Então, em português bem claro, eu lhes disse: Se me der mais
uma "loira gelada" eu ajudo na batucada, morou? Primeiro eles
ficaram alguns milésimos de segundo espantados, mas logo depois
foi aquela explosão. Fizemos uma festa que, com certeza, manteve
a pensão acordada a noite toda. Eram sete gaúchos que tinham
acabado de formar-se em medicina e uniram-se para dar uma
volta pela Europa. Foi muita sorte tê-los encontrado, e voltar
a falar português era ótimo. Resolvemos que sairíamos juntos
para um passeio pelo sul da Itália e depois voltaríamos a
Roma (de novo), onde nos separaríamos.
Tomamos
um trem e logo percebi que meu primo Marco Antônio havia se
transformado em um especialista em trens europeus, que são
bem diferentes dos nossos.

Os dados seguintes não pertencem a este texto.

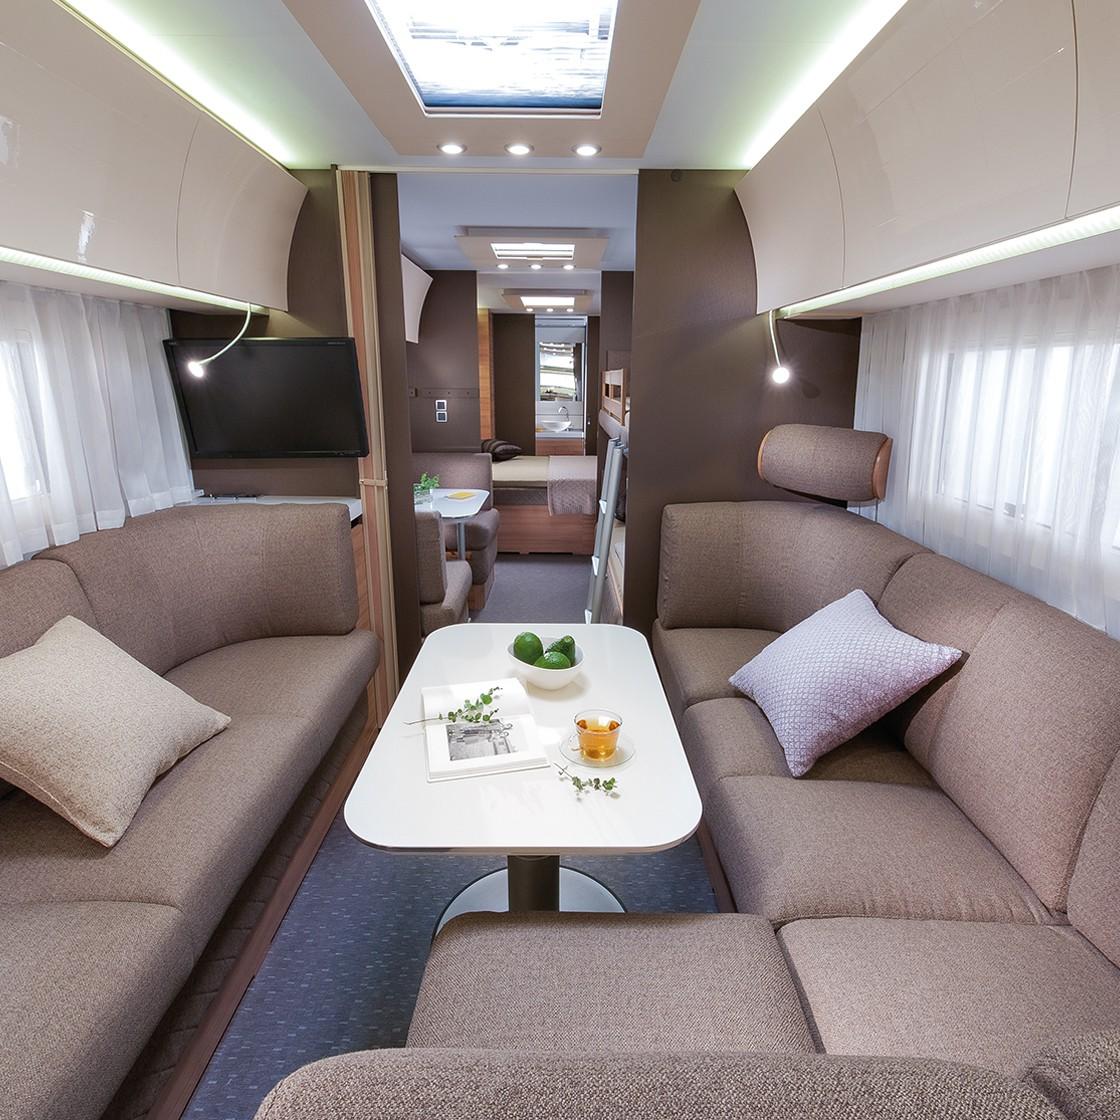 caravan interior design. Black Bedroom Furniture Sets. Home Design Ideas
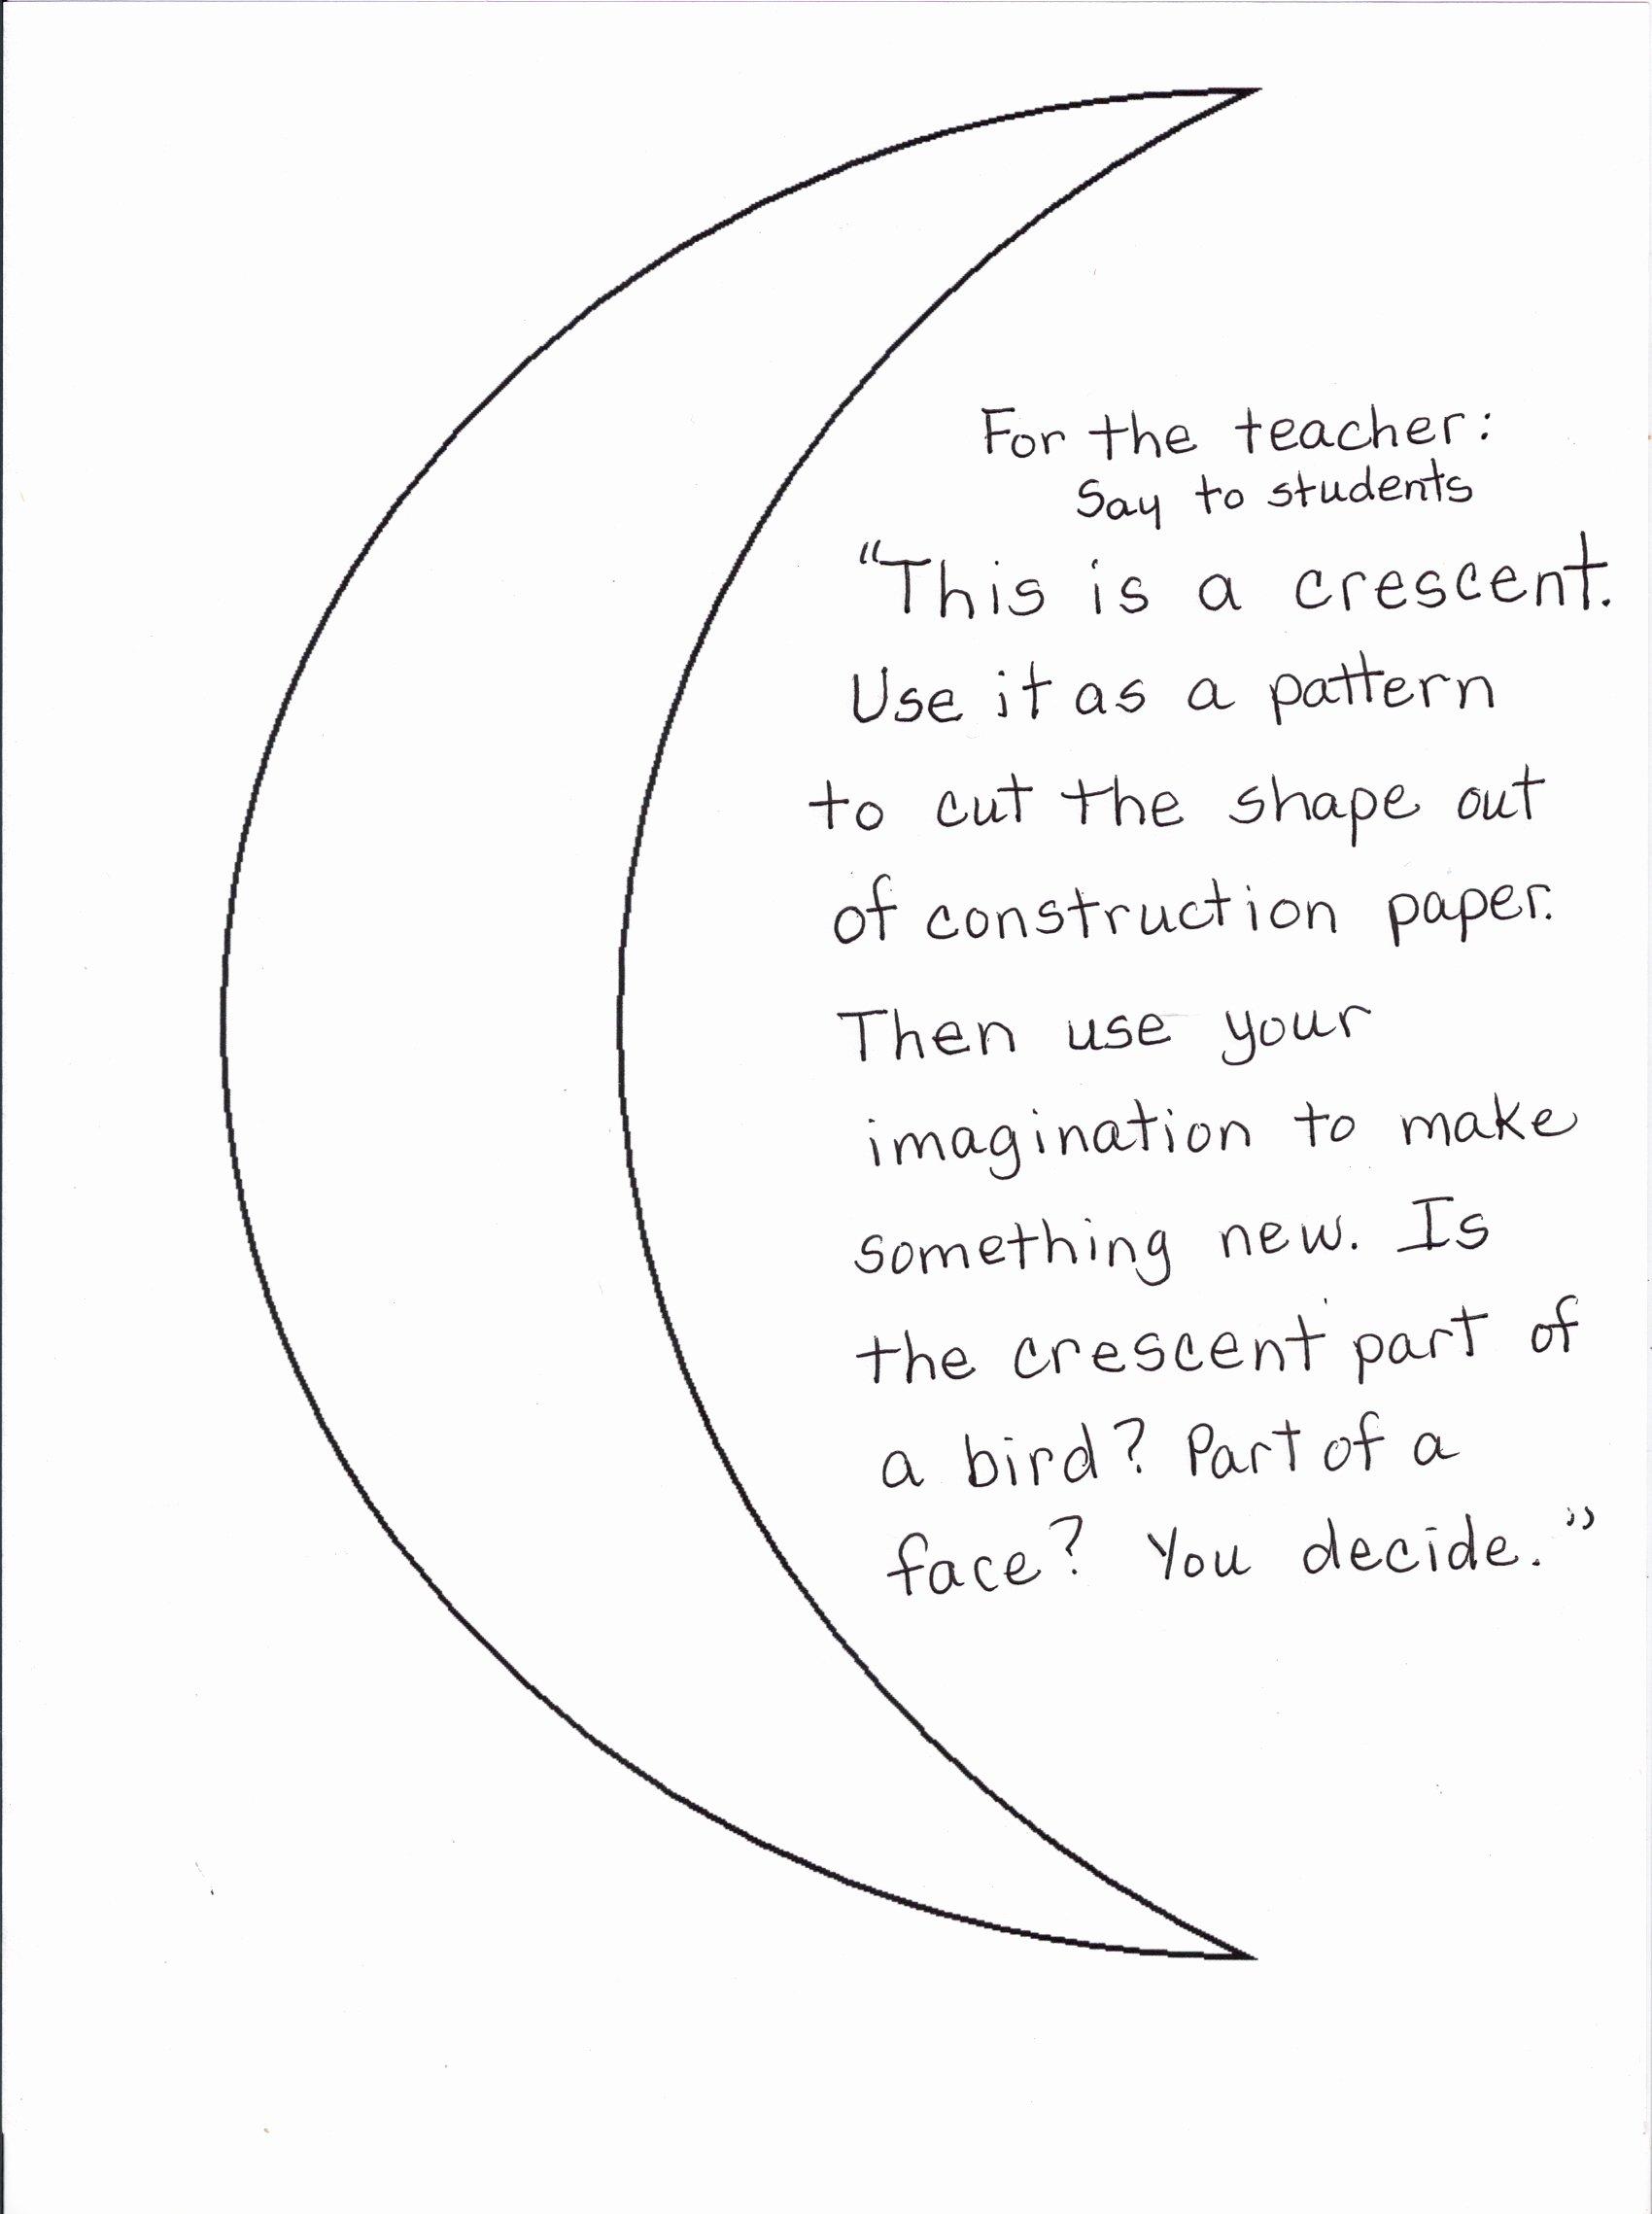 Crescent Shape Worksheets for Preschoolers Unique Crescent Shape Worksheets Printable and Activities Preschool

Os vagões são formados por compartimentos
e cada compartimento é uma espécie de sala, com dois sofás
de três lugares de frente um para o outro. Além disto os compartimentos
apresentavam uma grande janela para fora e uma porta e duas
janelas pequenas para o corredor.
Como
era por estas janelinhas que os passageiros observavam a lotação
do compartimento, o Marco tratava de fecha-las. Para aqueles
mais insistentes que abriam a porta para conferir, o Marco
começava a tossir uma tosse de cachorro e o cara, com medo
de ser alguma doença contagiosa, caía fora. Nós dávamos boas
risadas destes europeus ignorantes! O motivo disto tudo é
que, se fôssemos sozinhos no compartimento, à noite poderíamos
transformar os sofás em camas e dormir com todo conforto e
tranqüilidade. Desembarcamos, os nove, em Pisa e corremos
para conhecer a famosa Torre de Pisa, antes que ela caísse!
É difícil subir naquela torre, porque a escada é interna e
não tem corrimão nem proteção alguma. Você corre o risco de
ficar tonto e despencar lá de cima.
Quando
pisava, cheio de orgulho, o último degrau, levantei os olhos
e vi, no portal do terraço, grosseiramente escrito a lápis,
o nome "BRASIL". Jesus Cristo, que vergonha, peguei
uma borracha que levava no bolso (eu gostava de fazer anotações
sobre a viagem, mas as perdi) e apaguei aquele absurdo. Mas
a torre é linda e impressionante. De Pisa fomos a Florença,
onde confirmamos que na Itália a pechincha faz parte da Constituição.
O
dono de uma carruagem começou cobrando vinte dólares por um
passeio e acabou aceitando fazê-lo por cinco. Foi um passeio
inesquecível e nos divertimos a valer. Para mim Florença é
muito especial, foi de lá que partiu um "Cavalcanti" que viria
a formar minha família no Brasil. Além de ser uma das mais
belas cidades da Itália, Florença é a guardiã de um grande
tesouro cultural.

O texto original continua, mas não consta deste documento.